▶ **Data section**:
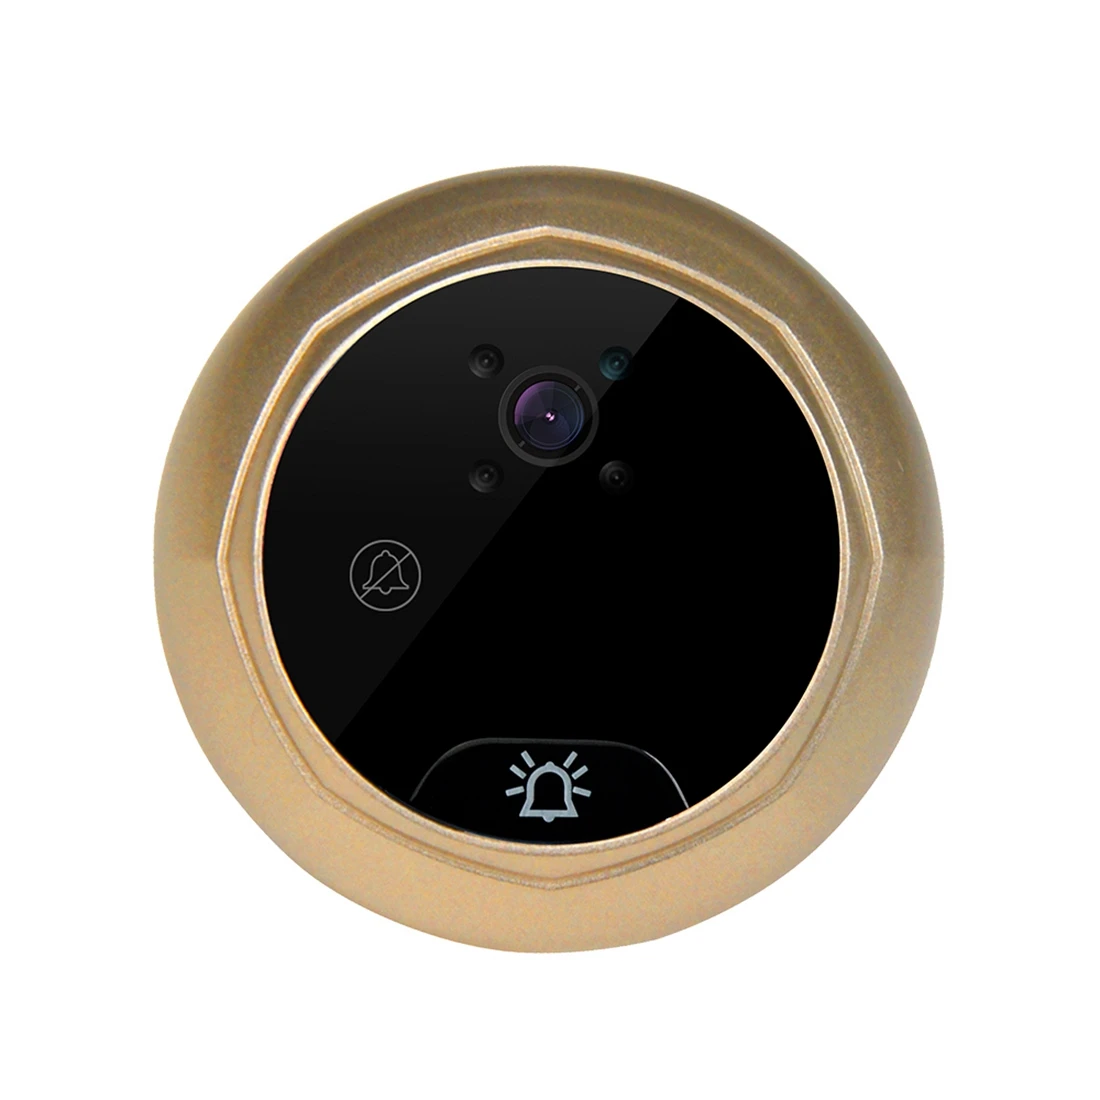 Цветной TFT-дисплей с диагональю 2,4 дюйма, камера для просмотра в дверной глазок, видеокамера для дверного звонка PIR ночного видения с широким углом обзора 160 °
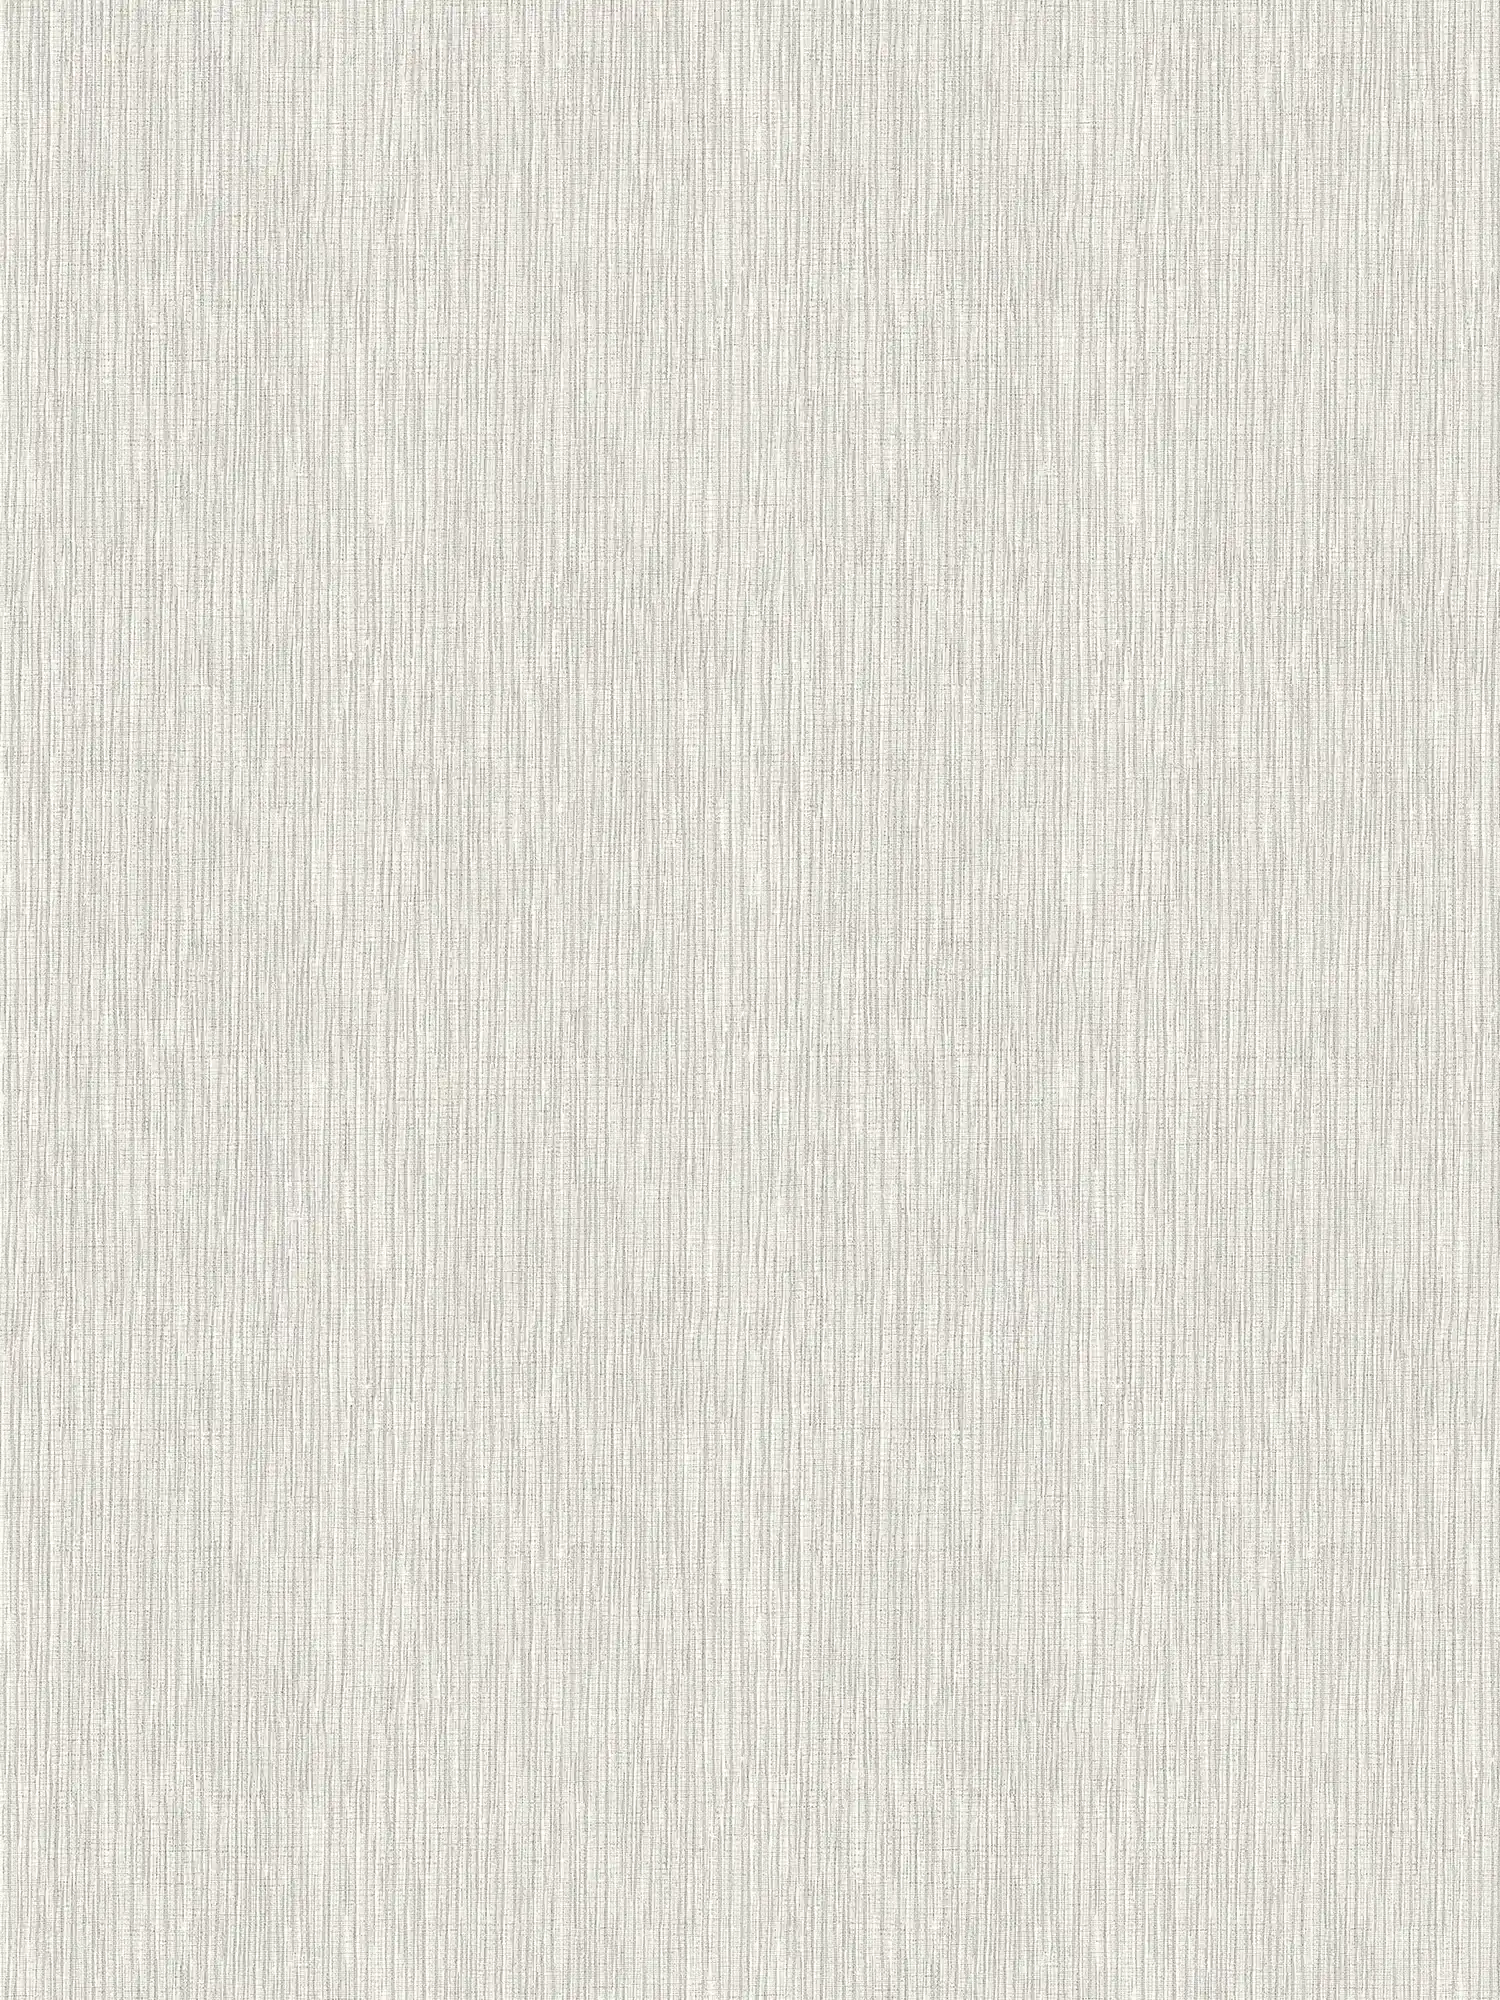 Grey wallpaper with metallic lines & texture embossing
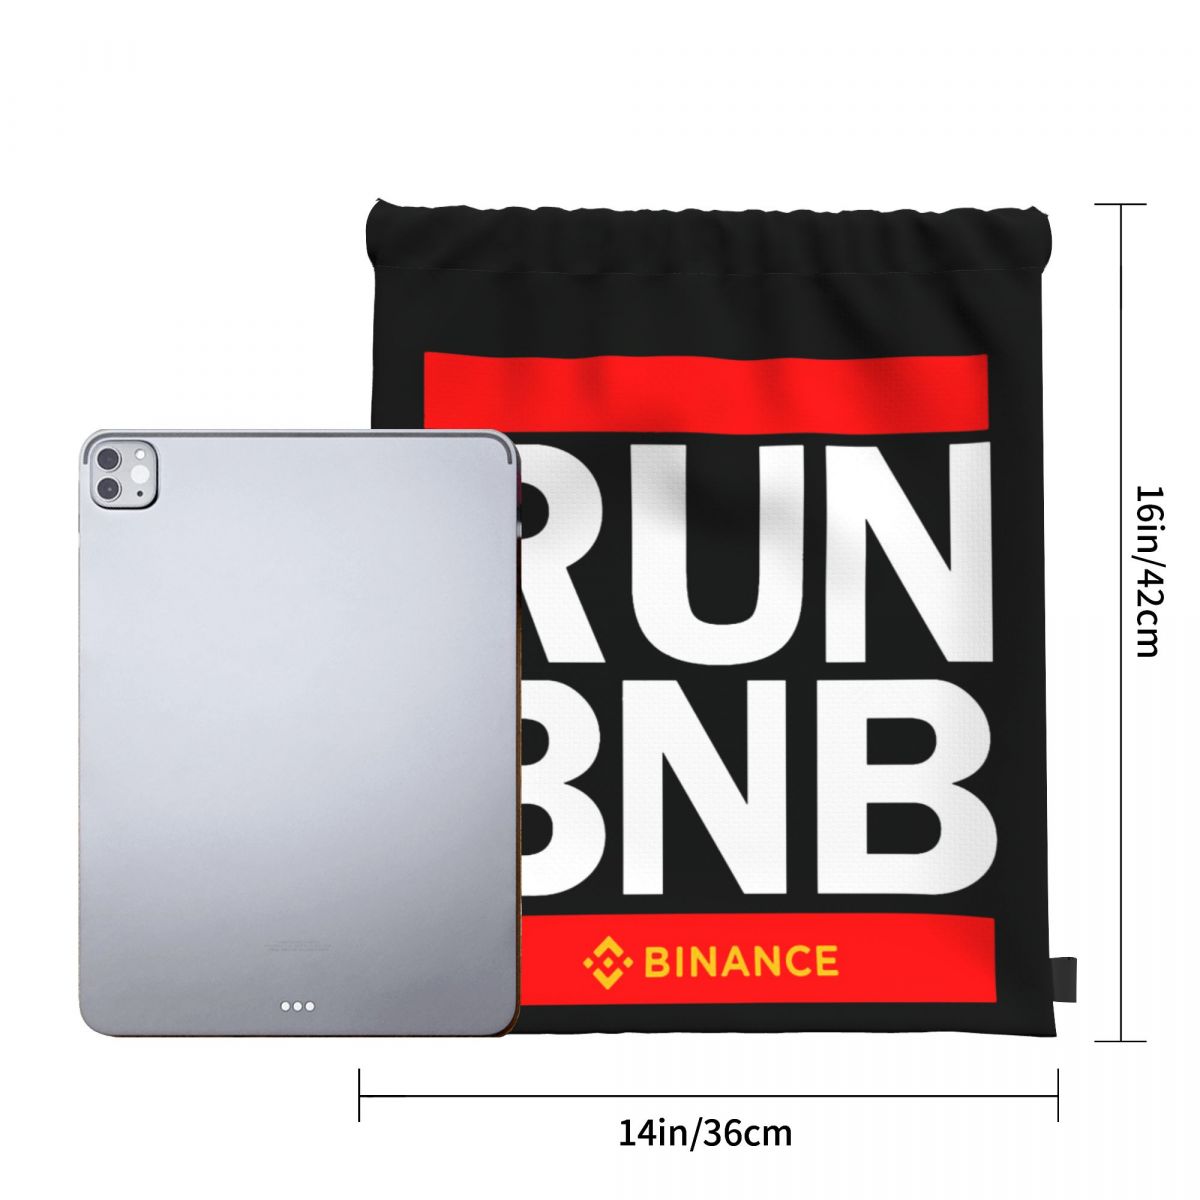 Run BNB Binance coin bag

▶ **Work request**: Output nothing but an exact retyping of the material, pictures excluded.

▶ **Completed task**:
 Цветной TFT-дисплей с диагональю 2,4 дюйма, камера для просмотра в дверной глазок, видеокамера для дверного звонка PIR ночного видения с широким углом обзора 160 °
 Grey wallpaper with metallic lines & texture embossing
 Run BNB Binance coin bag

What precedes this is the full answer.